Ok, I have acquired a new DMM and have backprobed the 20 pin connector with the PSU plugged in but the computer NOT turned on. On the #9 pin I get a reading of 4.9 VDC. which from what I understand from others that is what I should read under those conditions. Unless I am mistaken, that exhonerates the PSU as the source of the problem. I understand that a faulty Motherboard or Ram stick might also be the cause of the problem. Short of buying new Ram, is there any way to trouble shoot it? How about the Motherboard; how can I trouble shoot that?
My next step, unless there is some shortcut, will be to disconnect everything as FlashDude suggests and try starting the computer.
When I said I tried to jumpstart the computer, what I did was to disconnect the on/off switch from pins # 6 and 8 on the "Front Panel Connector", and jump across them using the using the probe end of a disconnected test probe. It did not start the computer. fans, or anything else.
 
To further test the PSU and is really the only good way to test it. Unplug the power connector from the motherboard. Connect the green and black wires on the power connector with a paper clip or a piece of wire. If the power supply fan kicks in, the power supply is probably good and your problem is likely the motherboard. If the fan on the power supply remains still, you may just have a dead power supply.
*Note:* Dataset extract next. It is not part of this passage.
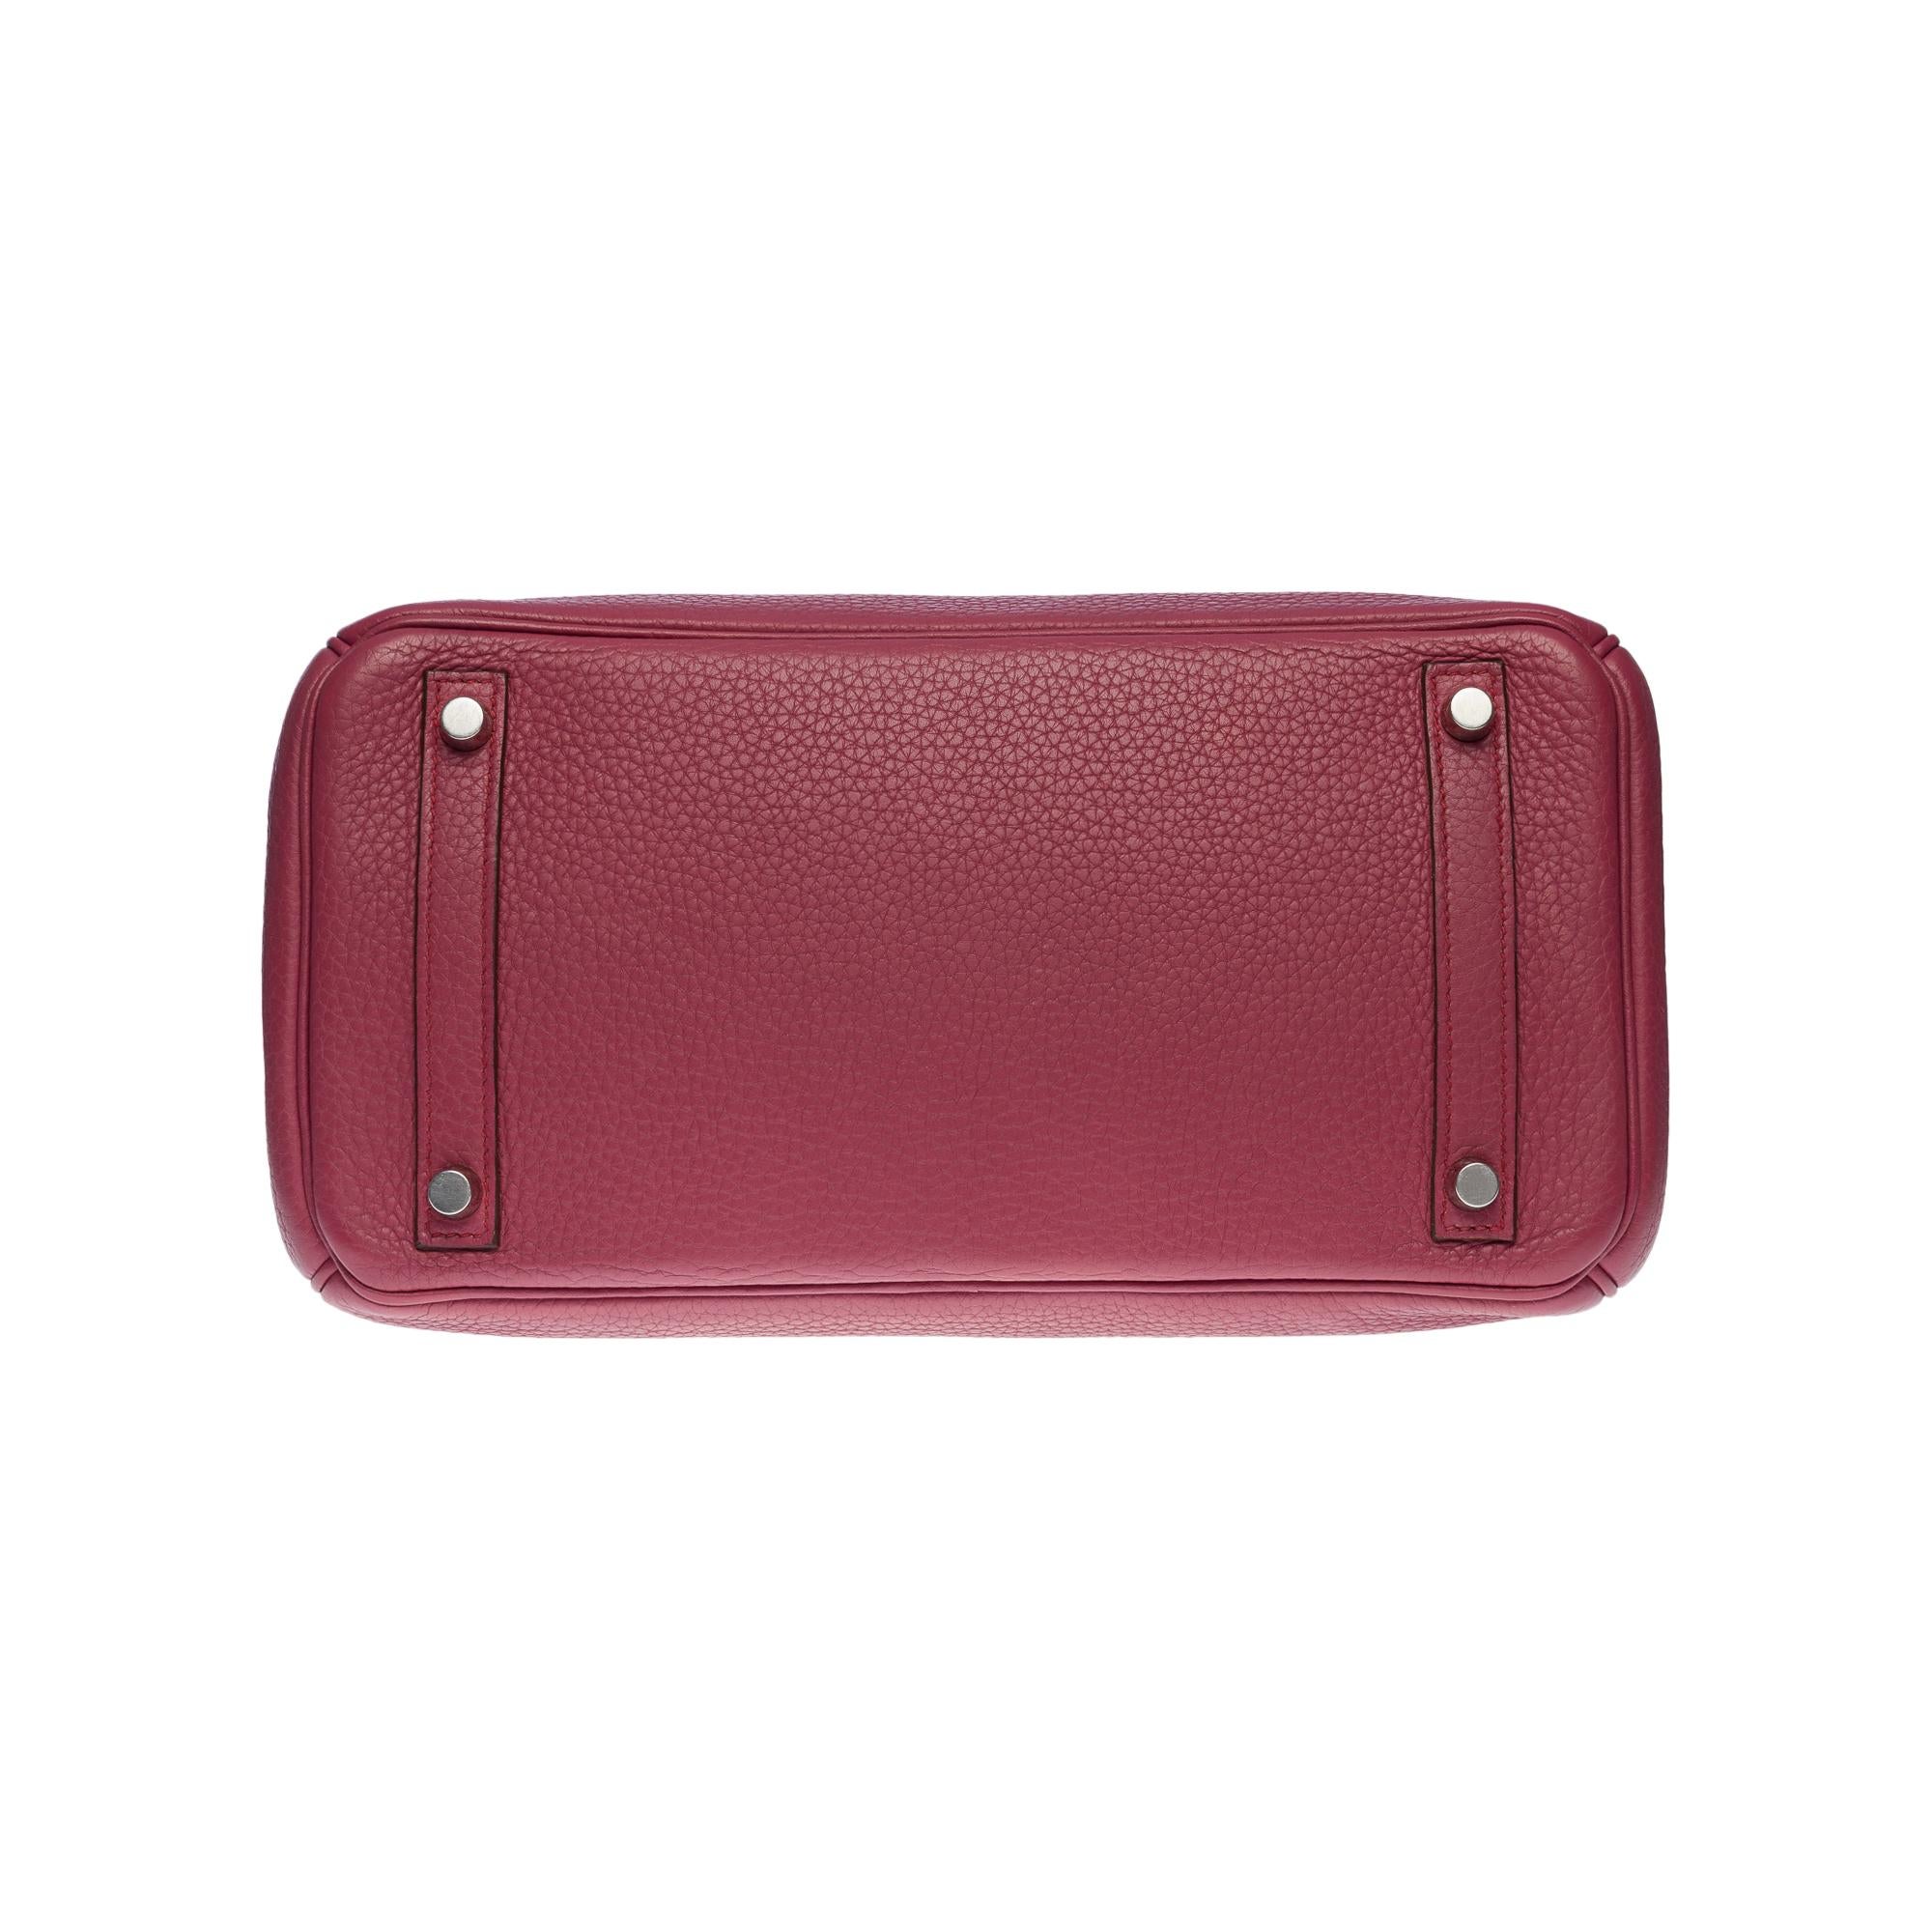 Amazing Hermès Birkin 30 handbag in Bois de rose Togo leather, SHW For Sale 2

To test a ram stick Just remove it. If the PC starts the ram is bad, and this goes for all other parts as well. It is not very complicated and really should take 5 minutes to figure out what is wrong.
 
Ok, I believe I have elliminated the PSU as the problem. I have a new unit in there and it seems to check out. I have disconnected all drives and peripherals, and tried to power up.... no soap. I guess it's beginning to look like either the motherboard or CPU. Any insight? Any way to isolate one or the other? By the way, could a dead cmos battery keep the machine from powering up? I mean, if the Bios settings were lost due to a dead cmos, might that cause the problem I'm having?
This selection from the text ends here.